It’s been 15 years since I learned that I had Non-Hodgkin Lymphoma, a set of blood cancers, which, as they say, can be managed but not cured. When I received this devastating news, I thought that my relatively short life would soon be over. How could someone like me, a trim, active man who had a healthy diet, a lovely family, a terrific set of friends and a satisfying professional life, get cancer?




It didn’t make sense.




It made me angry.




The news stunned me. My bleak future flashed before my eyes–chemotherapy, weight loss, hair loss, bone pain, nausea, and fatigue–all leading to an untimely death. I suddenly realized how much time I had wasted on unimportant things. Confronting imminent mortality frightened me. Slowly and timidly, I moved forward on an uncertain path. In the time that I had left could I somehow experience the wonders of life? In a world of endless choice and incessant distraction, could I discover what was important?

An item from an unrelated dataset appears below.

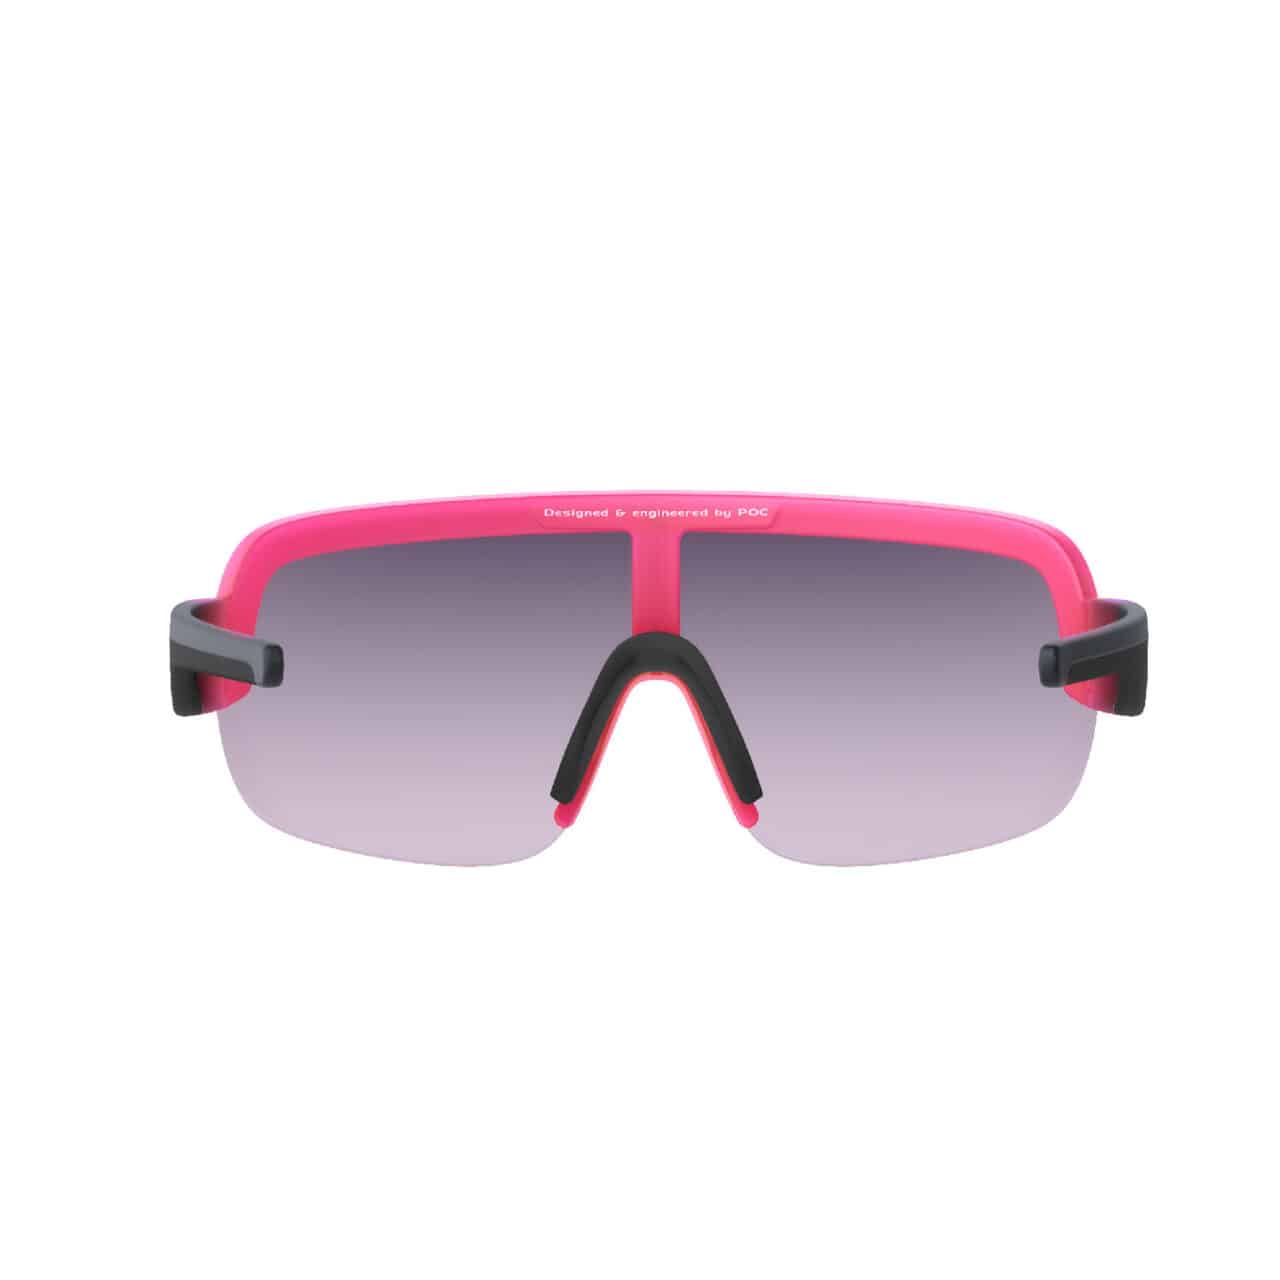 Poc Aim Sunglasses pink viewport

Given our culturally-contoured and time-pressed penchant for expedience, it’s hard for anyone to figure out what is important. A diagnosis of cancer, though, can sometimes accelerate a process that sometimes points you in an existentially satisfying direction. A 15-year sojourn on cancer’s path has compelled me to think about how to live well in the world. Here’s some of things I’ve learned about the quest for well being:




1. The destructive force of anger: When I began my journey on cancer’s path, I was angry. Why had I been singled out to suffer such a horrendous fate? I quickly discovered that anger led to feelings of powerless and despair, a state that wasn’t good for me, for the people around me, or for my work as a scholar. In my view anger never leads to well-being. And so, I tried to accept my situation and attempted to cope with the anxieties of confronting an incurable disease–none of which is easy.

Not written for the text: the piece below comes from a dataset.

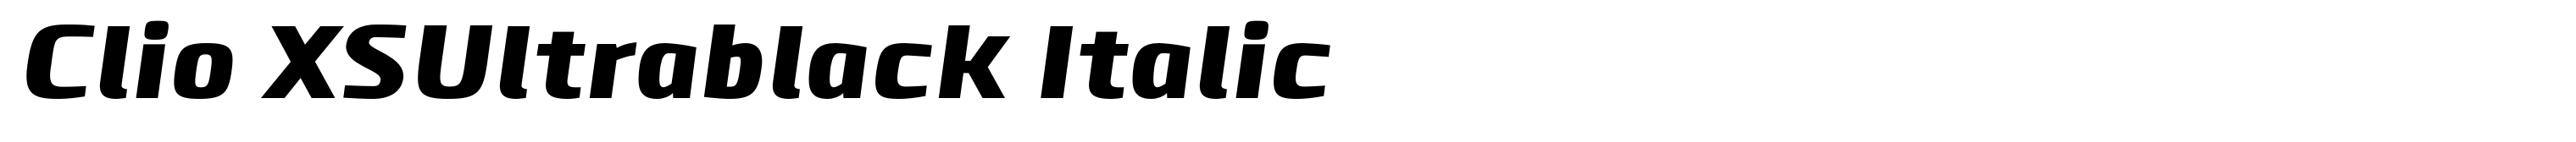 Clio XSUltrablack Italic

2. Combating bad faith. In his incomparable play, No Exit, Jean-Paul Sartre confronts the specter of bad faith, a collective set of beliefs based on illusion. In bad faith we construct the world as we want it to be, which blinds us to the world as it is. In bad faith, we make life choices based on wishful fantasy rather an inconvenient truth. The political world is rife with bad faith thinking and decisions–the fateful decision to wage war in Iraq, the denial of climate change, the dogged belief in supply side economics, and the distrust of science. In the world of cancer bad faith thinking and decision-making can compel people to deny their medical status. It can convince a person to seek unproven miracle cures. The negative results of bad faith thinking also tend to reinforce anger, which in turn, leads to bitterness. Long before I understood much about anything, Adamu Jenitongo, a wise man among the Songhay people of West Africa, taught me to consider a situation realistically. He said that a person needs to accept her or his limitations and live well within the parameters those limitations set. That advice only made sense to me when I had to consider how remission from cancer, a way station between health and illness, between life and death, limited my possibilities in the world. Those limitations, I soon discovered, did not prevent me from living well in the world.




3. The importance of human connection: If you live in isolation, chances are you will construct a world shaped by bad faith. If you have the good faith support of friends and family, you are likely to confront your remission realistically, a position that allows for a life filled with little as well as big pleasures. It is well known that social isolation often leads to alcohol and drug abuse as well as to a variety of domestic dysfunctions. It is also well known that the absence of social support contributes to heath declines and premature mortality. No one should be be alone when confronting the physical and emotional challenges of cancer diagnosis, treatment and remission.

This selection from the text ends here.